Early Universe: A Quark-Gluon Soup

The early universe, mere seconds after the Big Bang, was a vastly different place than it is today. Instead of stars and galaxies, it was a boiling soup of quarks and gluons, punctuated by microscopic black holes. These aren’t the stellar-mass black holes we observe now, but primordial black holes (PBHs) – hypothetical objects formed in the universe’s first moments.

Hawking Radiation and PBH Evaporation

While black holes are known for absorbing everything, they also emit energy through Hawking radiation, a phenomenon predicted by physicist Stephen Hawking.

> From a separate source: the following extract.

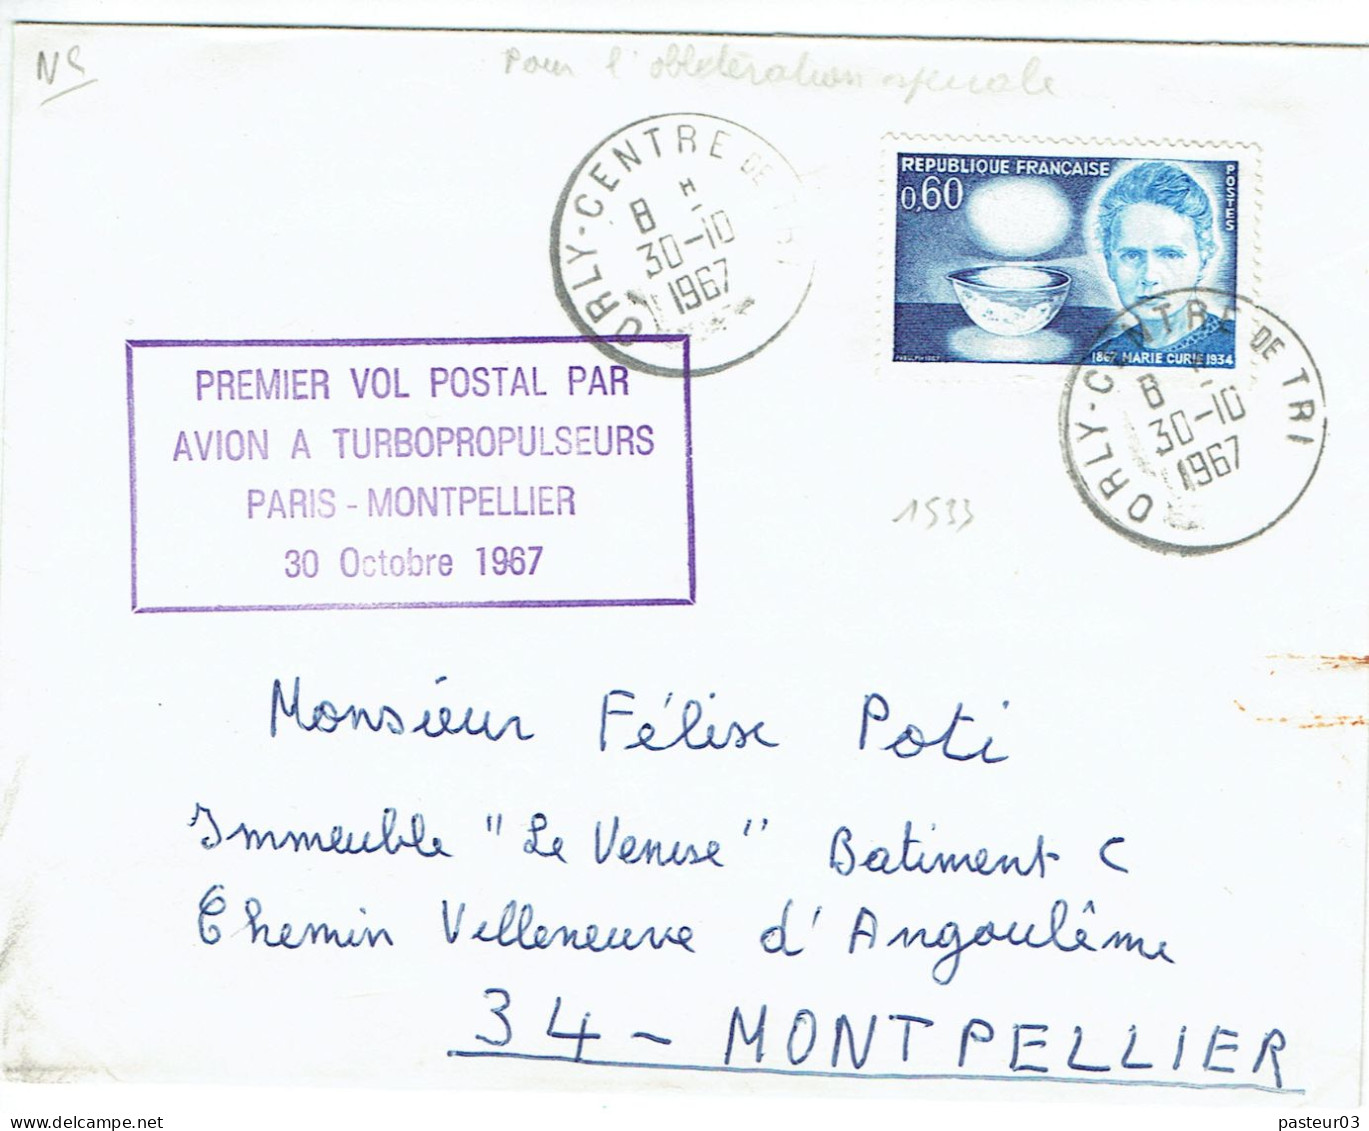 Premier Vol Postal Par Avion à Turbopropulseurs Paris Montpellier 30 Octobre 1967 Timbre N° 1533 De France TaD Orly Cent - 1960-.... Brieven & Documenten

Smaller black holes radiate faster and eventually evaporate completely. PBHs weighing under 500 trillion grams would have vanished by now, but not without a dramatic finale.

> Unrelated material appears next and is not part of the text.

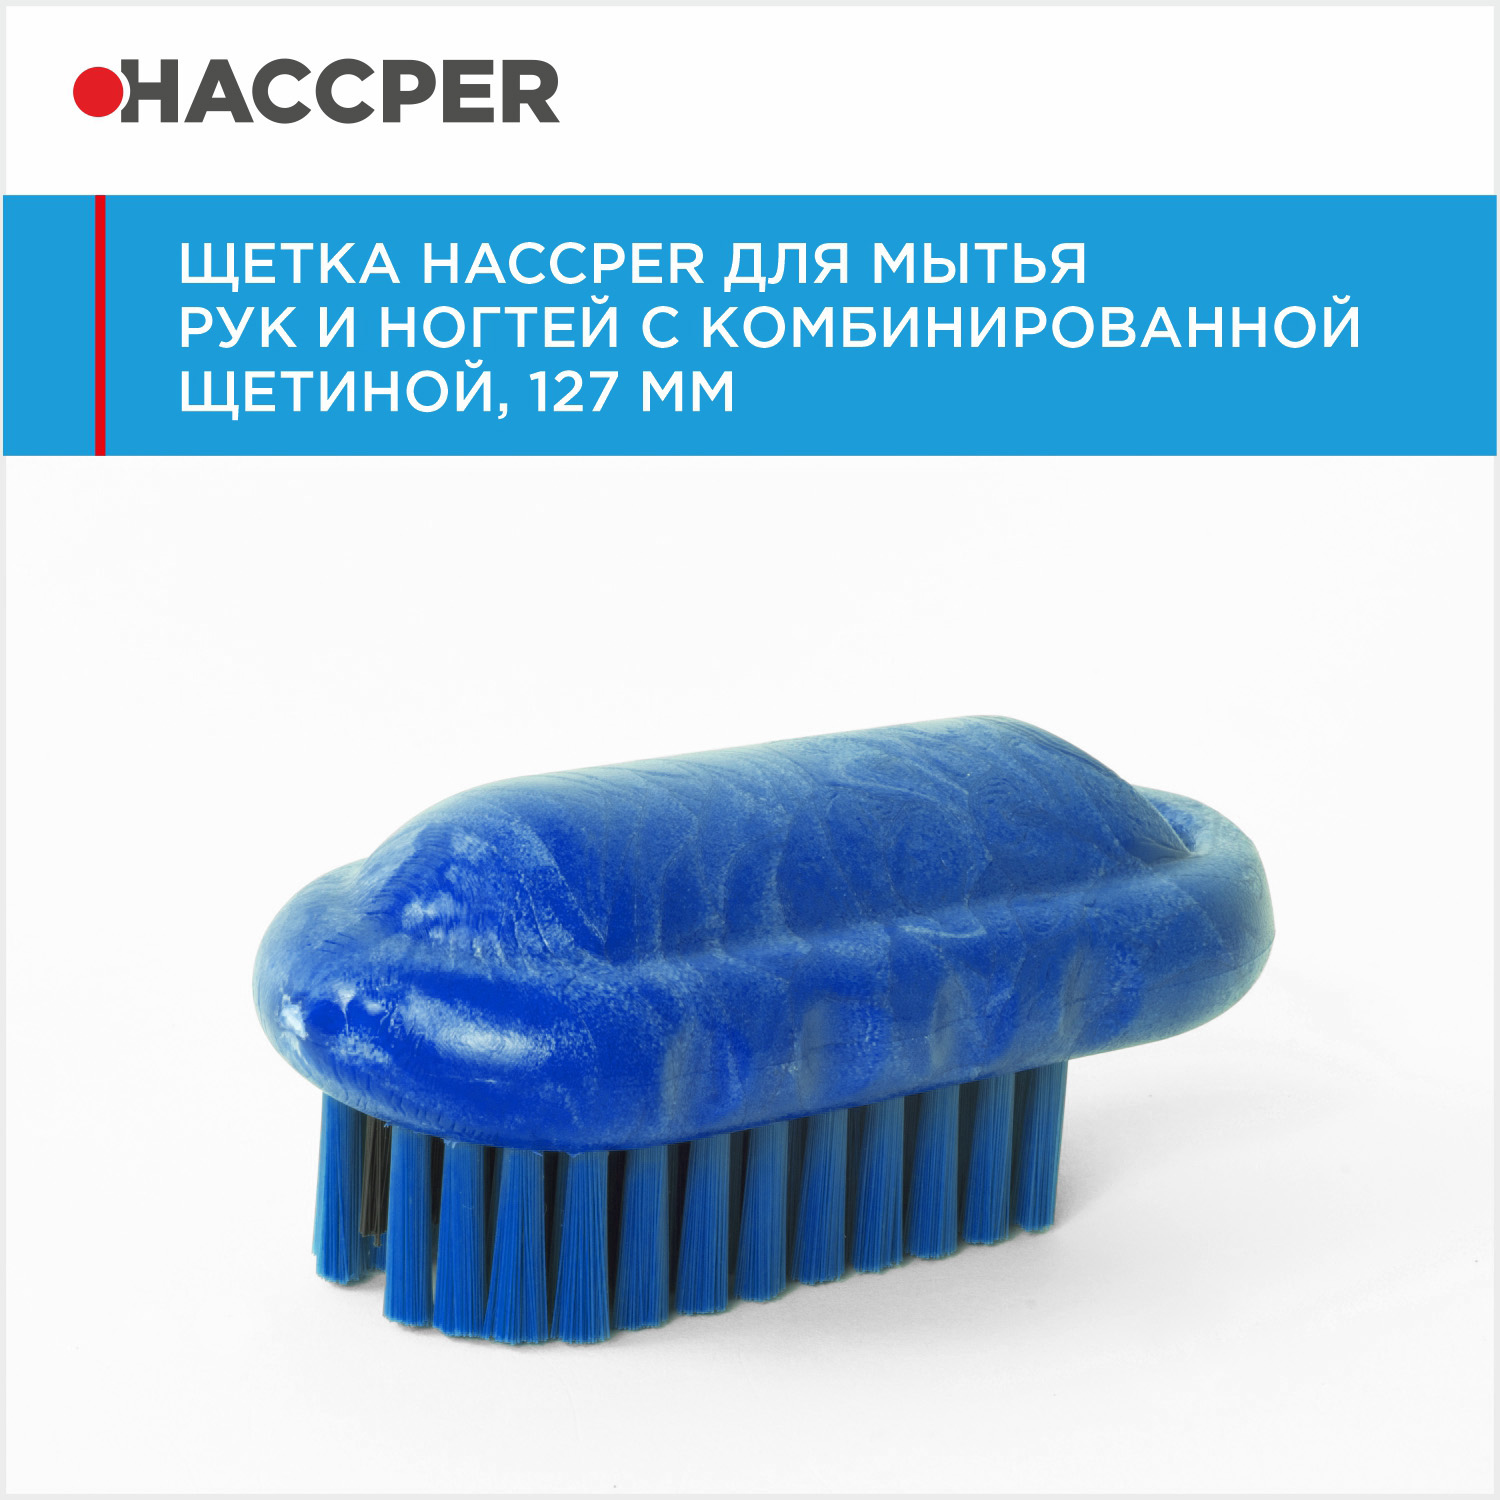 Щетка HACCPER для мытья рук и ногтей с комбинированной щетиной, 127 мм, синяя

Violent Demise: Relativistic Fireballs

Researchers at Vrije Universiteit Brussel and MIT have challenged the conventional understanding of PBH death. A new paper, available on arXiv, suggests that the energy released by these dying microscopic black holes wasn’t simply diffused, but unleashed in incredibly violent relativistic fireballs. This occurred due to extreme pressure gradients created as the black holes evaporated.

The Four Phases of PBH Evaporation

  • Phase 1: Slow evaporation creating an expanding plasma bubble.
  • Phase 2: Instantaneous energy release modeled by the Blandford-McKee regime.
  • Phase 3: Shockwave slows down, modeled by the Sedov-Taylor regime.
  • Phase 4: Energy dissipation into surrounding plasma.

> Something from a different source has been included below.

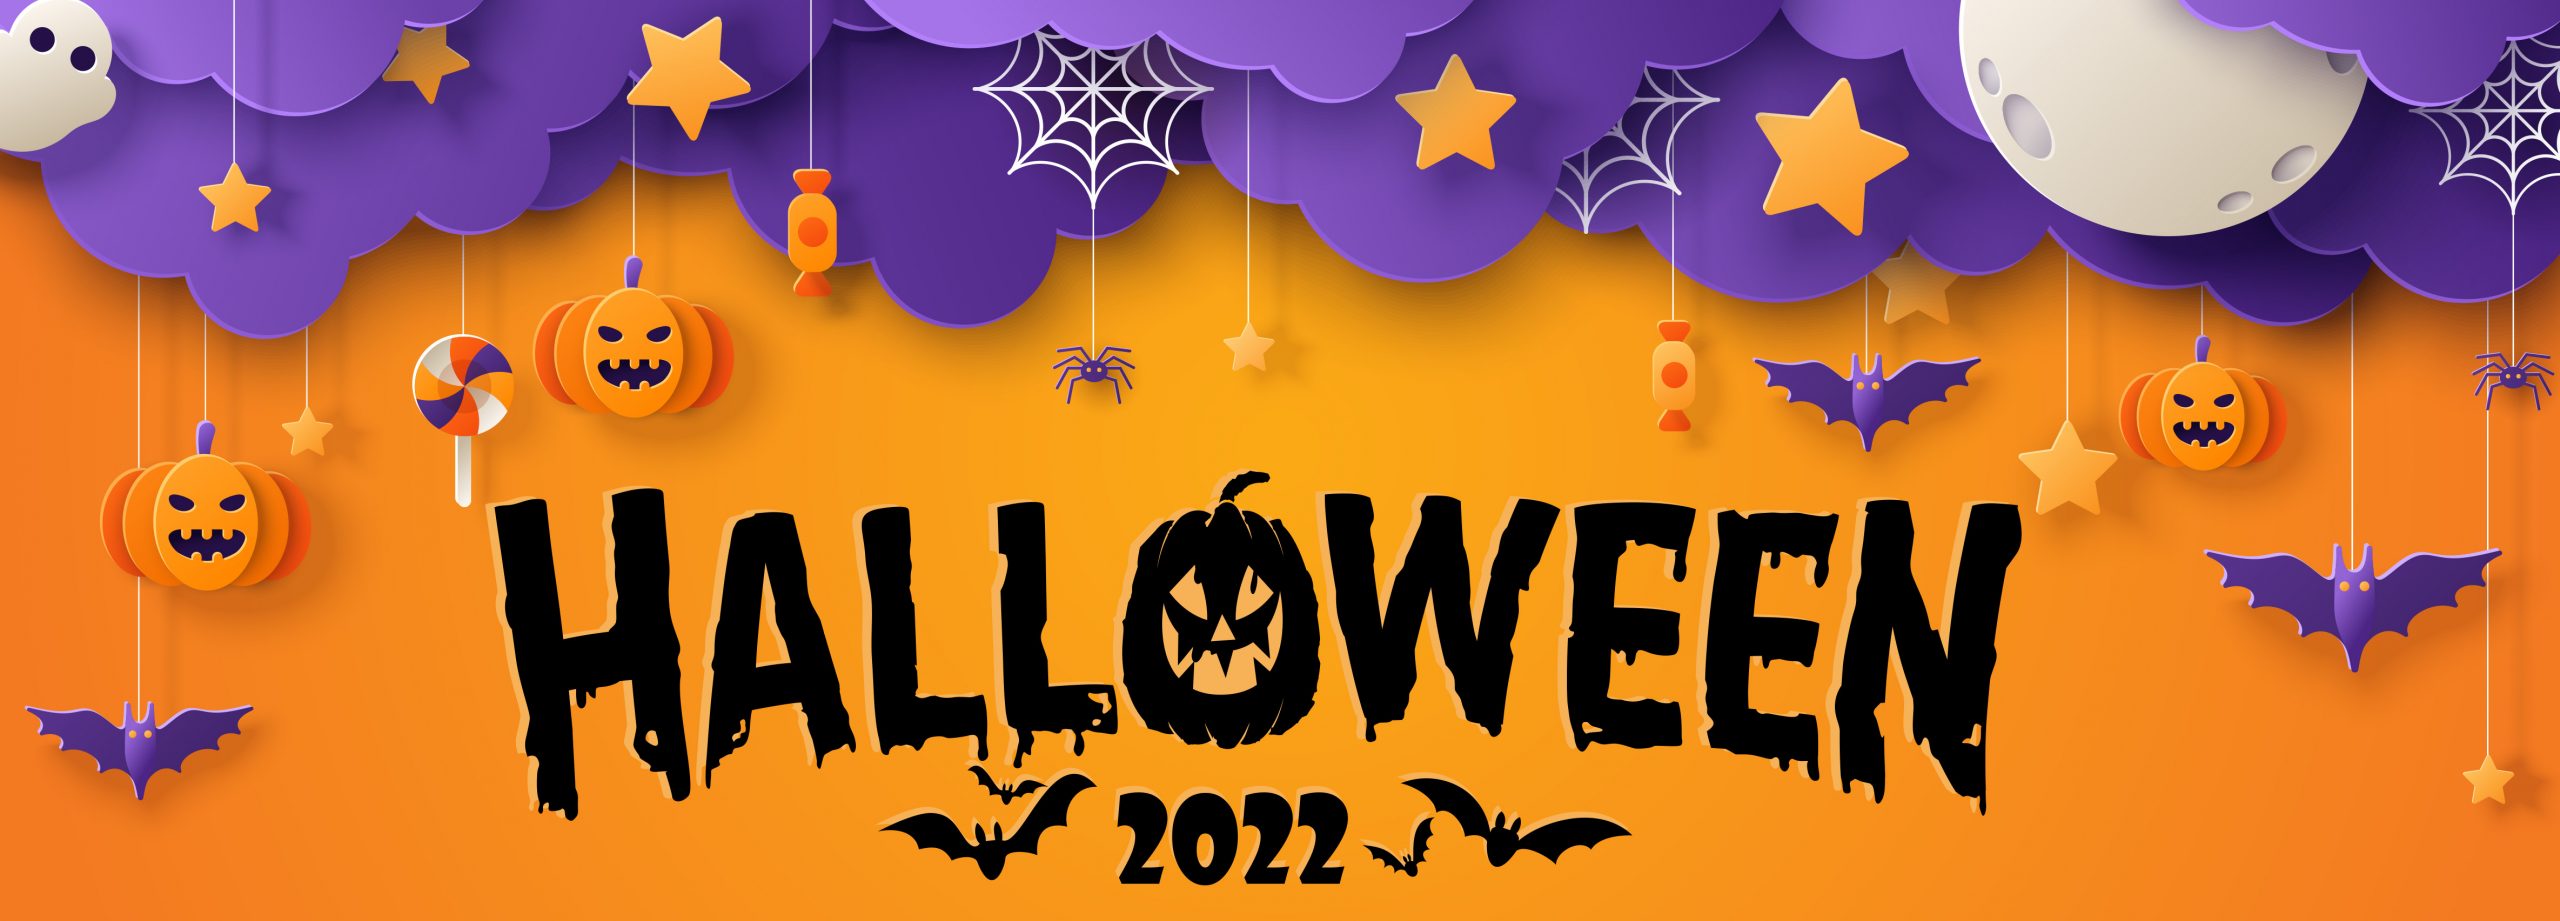 Halloween web header 2022

Solving the Mystery of Baryogenesis

This violent PBH evaporation process may explain baryogenesis – the existence of matter over antimatter. According to Big Bang theory, equal amounts of both should have been created, leading to complete annihilation. The researchers propose that PBH shockwaves could have temporarily disrupted the Electroweak symmetry, creating pockets where matter prevailed.

Electroweak Symmetry and Matter Creation

If the early universe’s temperature dropped below 162GeV, Electroweak symmetry would have broken. The shockwaves from PBH explosions could have briefly raised temperatures above this threshold, creating the necessary out-of-equilibrium conditions for matter to dominate. This is the focus of a companion paper by the same research team.

From Black Hole Shockwaves to Everything We See

The findings suggest that the universe’s structure, and indeed all matter – including ourselves – may originate from the shockwaves created by exploding primordial black holes. This offers a new perspective on our cosmic origins, potentially replacing the notion of being “made of star-stuff” with being “made of black hole shockwaves.”